■ WHAT YOU SHOULD DO: When copying the listing below, skip every picture and keep each word as it stands.

■ SUPPLIED DATA:
= Beginning of Section =
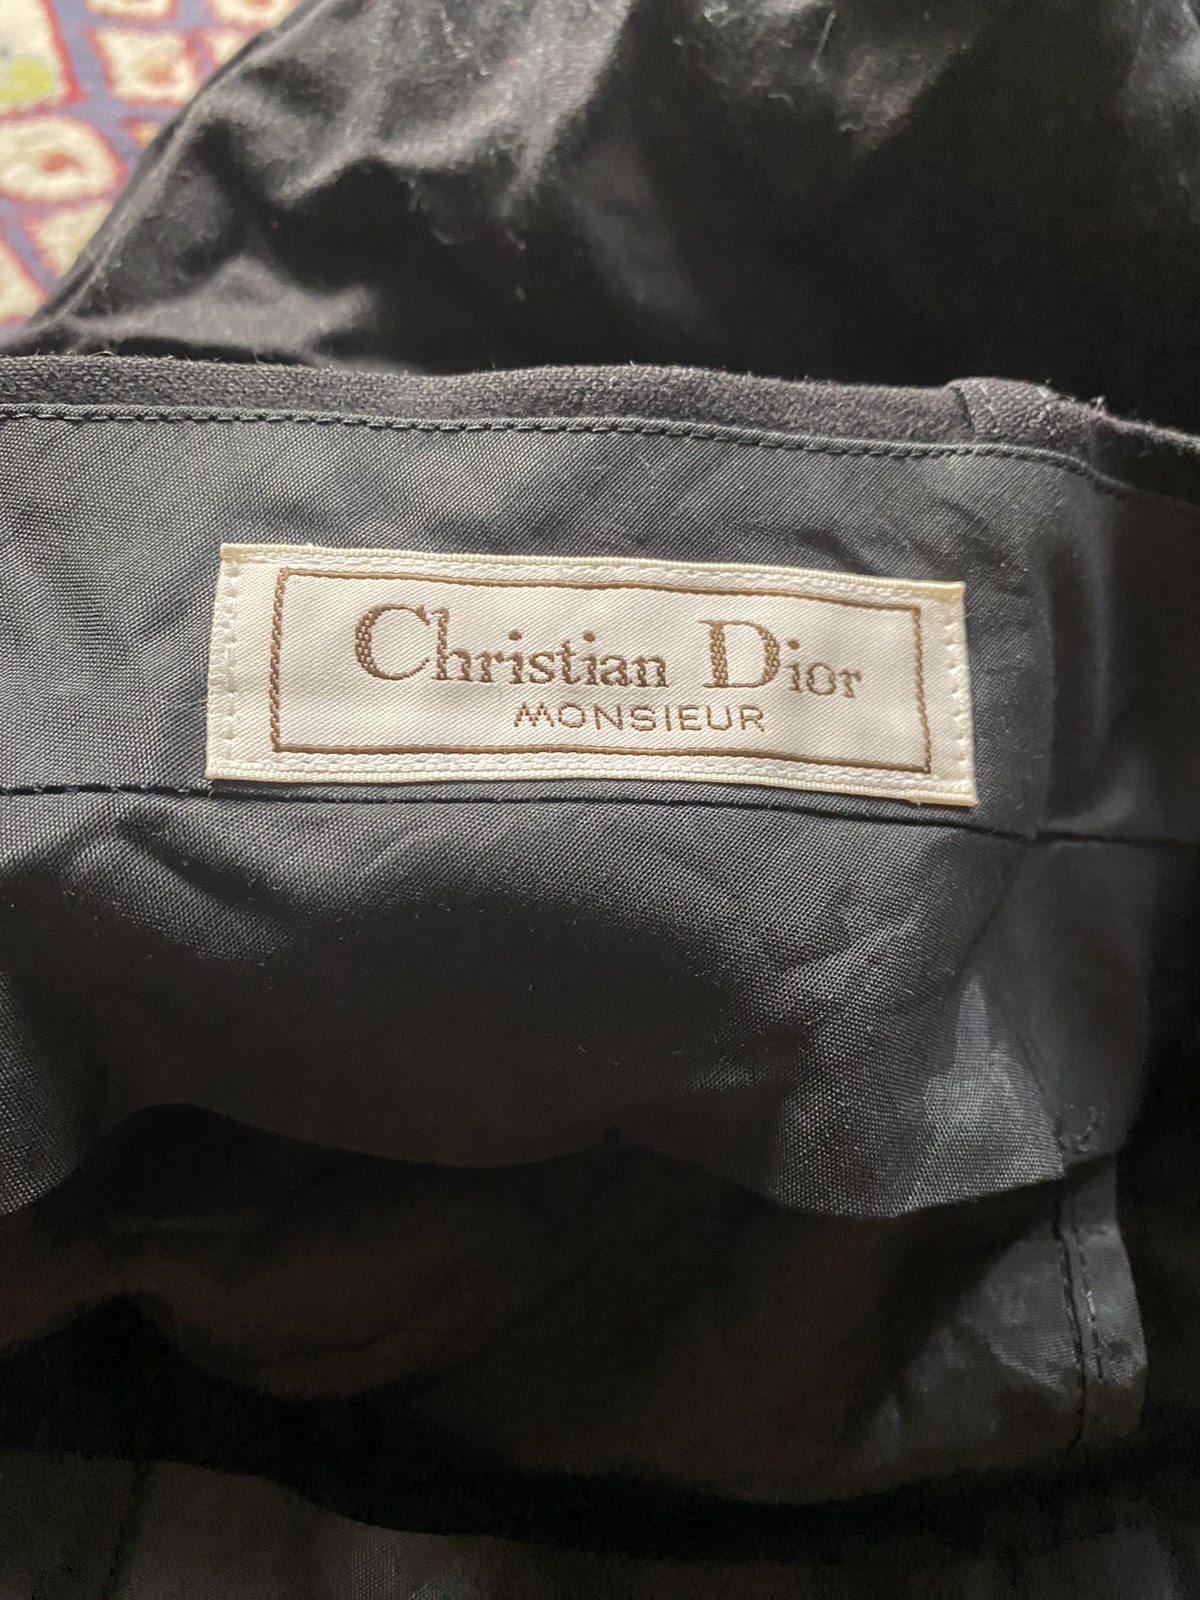 DIOR Christian Dior Monsieur Slack Plain Trousers Pants - 6
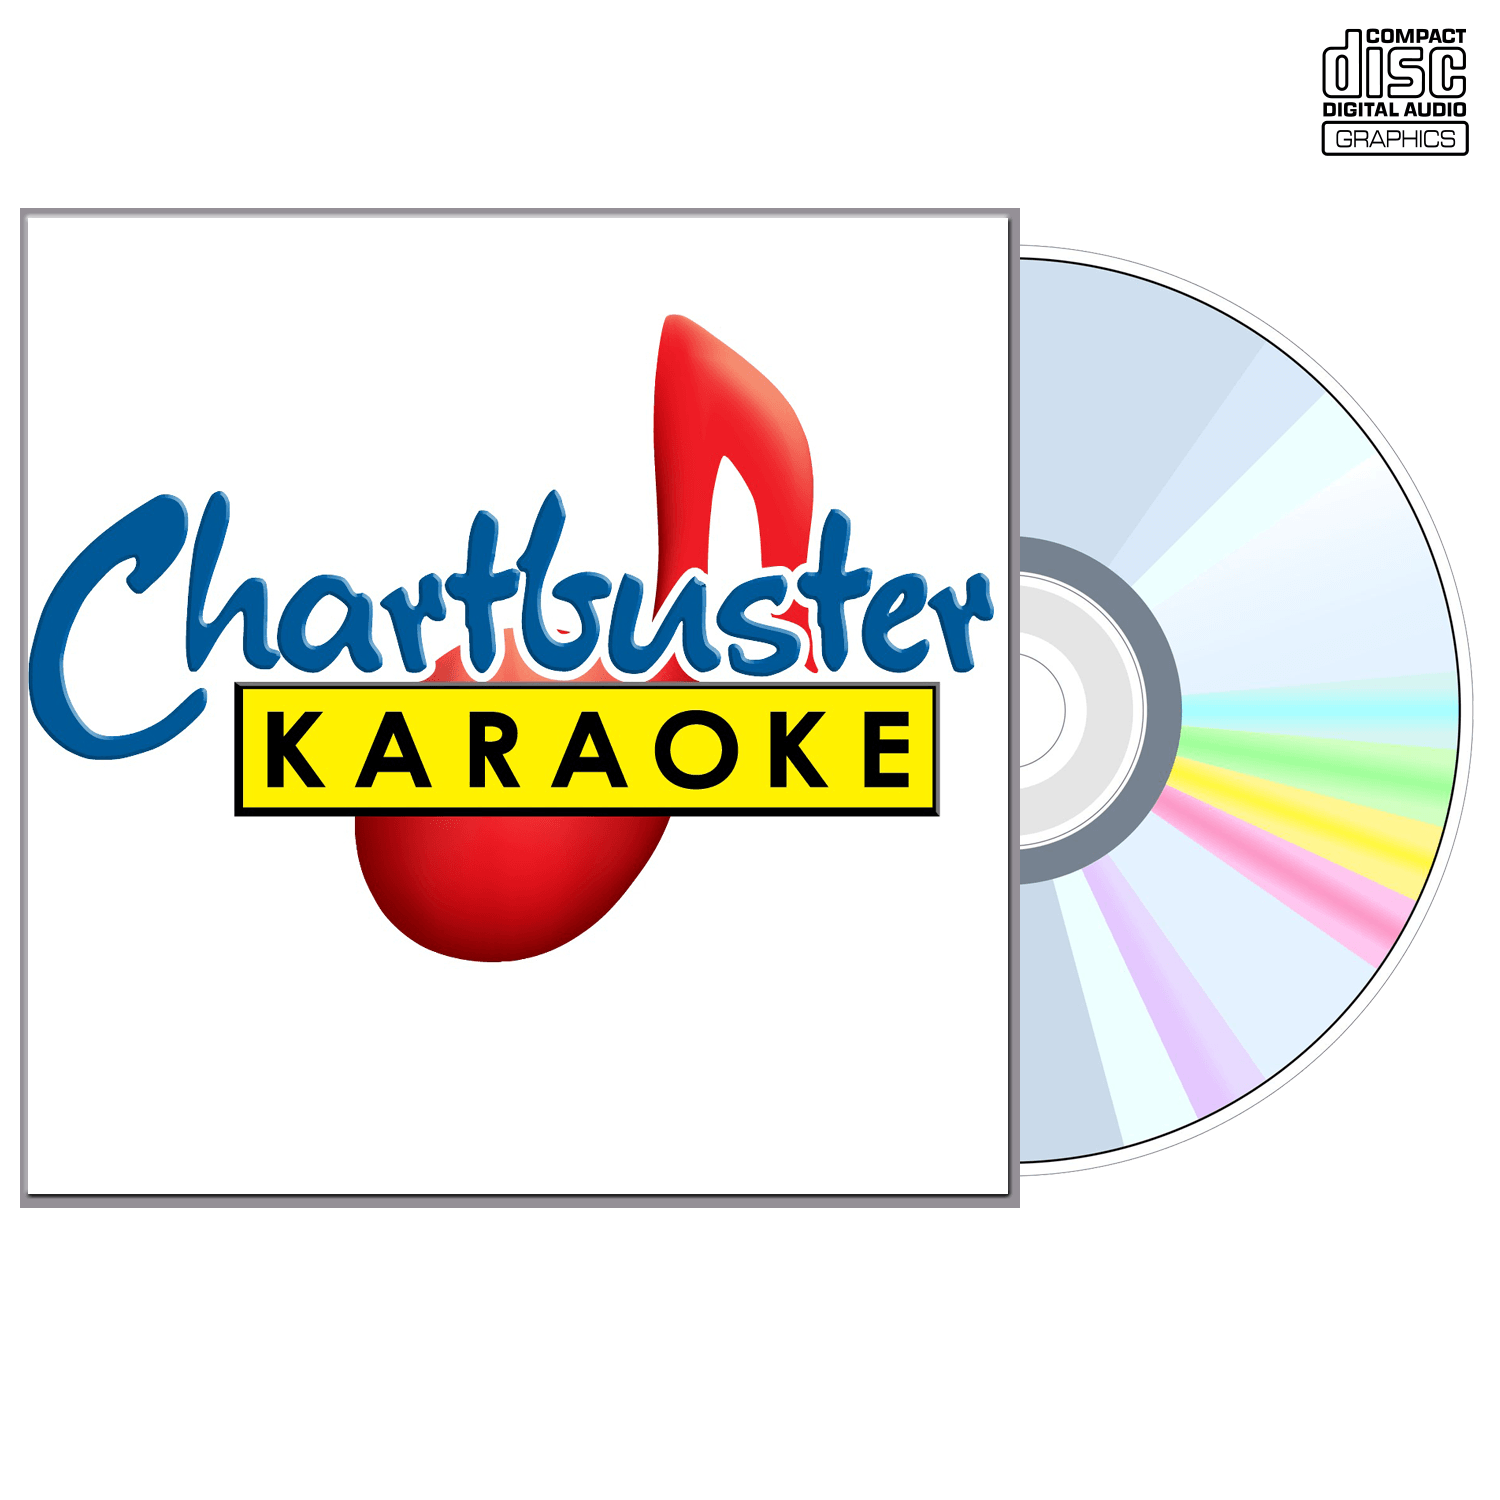 The Coasters - CD+G - Chartbuster Karaoke - Karaoke Home Entertainment
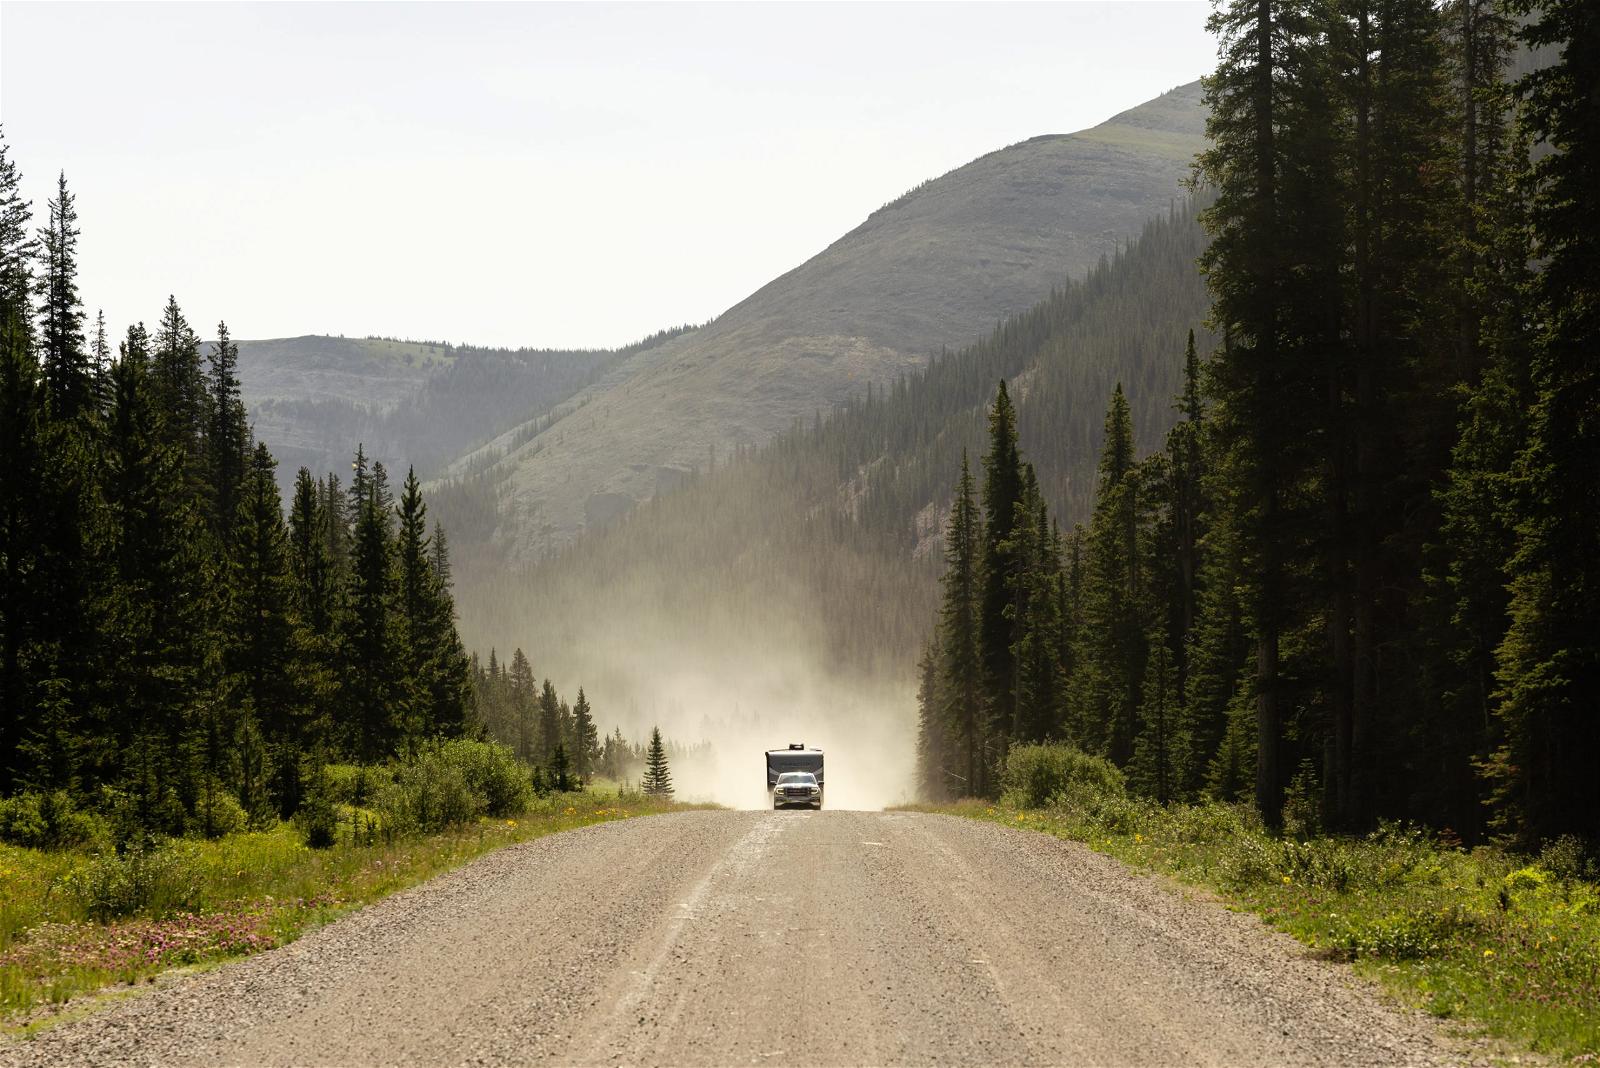 Dirt roads in Canada
= End of Section =
■ EXPECTED ANSWER:
 DIOR Christian Dior Monsieur Slack Plain Trousers Pants - 6
 The Coasters - CD+G - Chartbuster Karaoke - Karaoke Home Entertainment
 Dirt roads in Canada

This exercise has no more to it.